Excerpts from the summary about the Science report follow:

Genetic Ancestral Testing Cannot Deliver On Its Promise, Study Warns

ScienceDaily (Oct. 20, 2007) — For many Americans, the potential to track one’s DNA to a specific country, region or tribe with a take-home kit is highly alluring. But while the popularity of genetic ancestry testing is rising – particularly among African Americans – the technology is flawed and could spawn unwelcome societal consequences, according to researchers from several institutions nationwide, including the University of California, Berkeley.

“Because race has such profound social, political and economic consequences, we should be wary of allowing the concept to be redefined in a way that obscures its historical roots and disconnects from its cultural and socioeconomic context,” says the article to be published in the journal Science.

The article recommends that the American Society of Human Genetics and other genetic and anthropological associations develop policy statements that make clear the limitations and potential dangers of genetic ancestry testing.
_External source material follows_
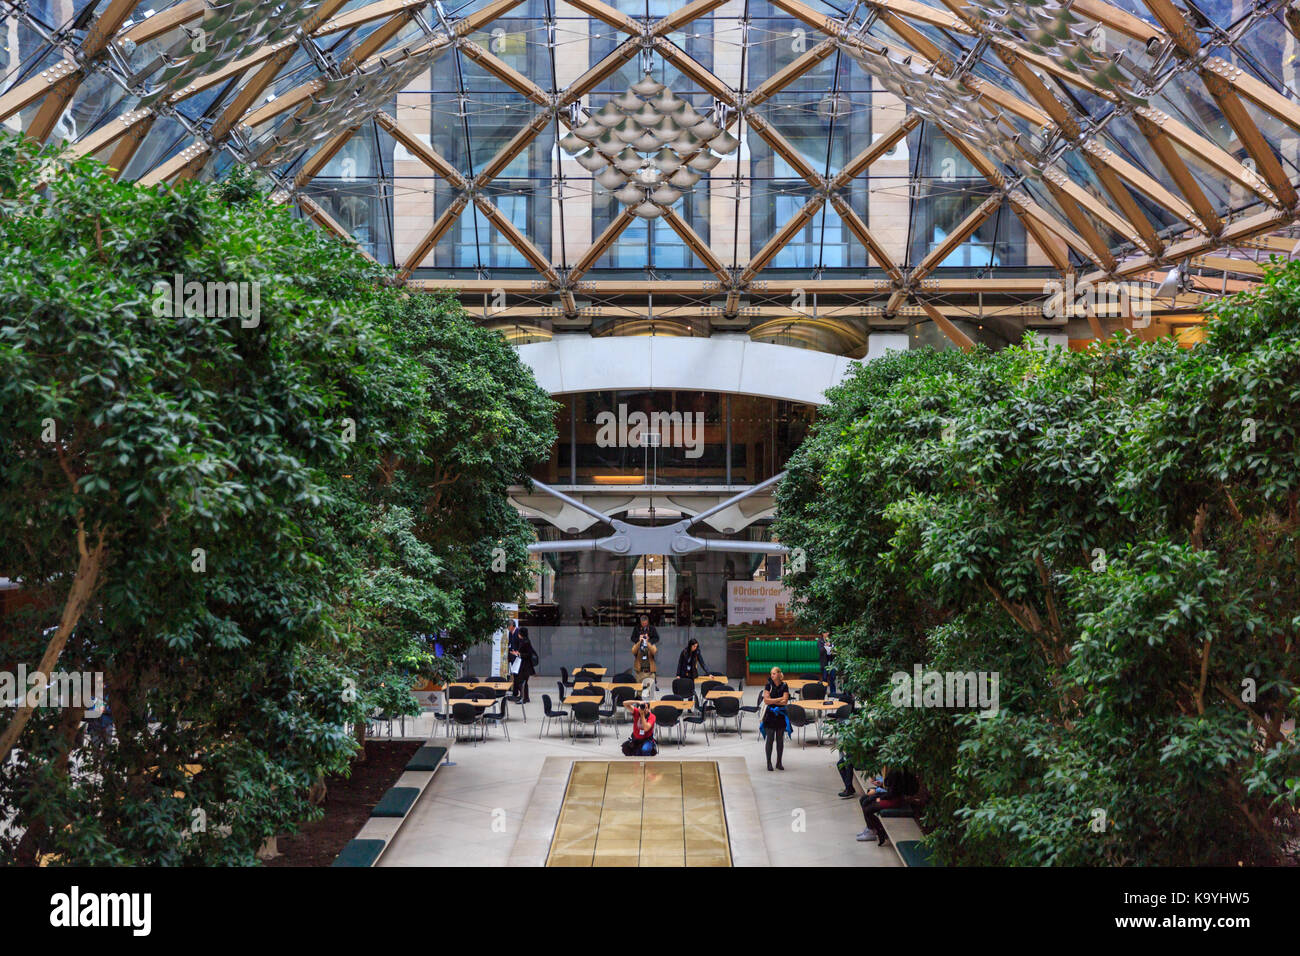 The glass roof structure and atrium at Portcullis House, Westminster, London England UK Stock Photo

Some of the tests’ limitations identified by Bolnick and her co-authors include:

  • Most tests trace only a few of your ancestors and a small portion of your DNA,
  • Tests are unlikely to identify all of the groups or locations around the world where a test-taker’s relatives are found,
  • Tests may report false negatives or false positives,
  • Limited sample databases mean test results are subject to misinterpretation,
  • There is no clear connection between DNA and racial/ethnic identity,
  • Tests cannot determine exactly where ancestors lived or what ethnic identity they held. . . .

“While some companies carefully explain what genetic ancestry tests can and cannot tell a test-taker, other companies provide less information about the limitations and assumptions underlying the tests,” said Deborah Bolnick, assistant professor of anthropology at the University of Texas and lead author of the article.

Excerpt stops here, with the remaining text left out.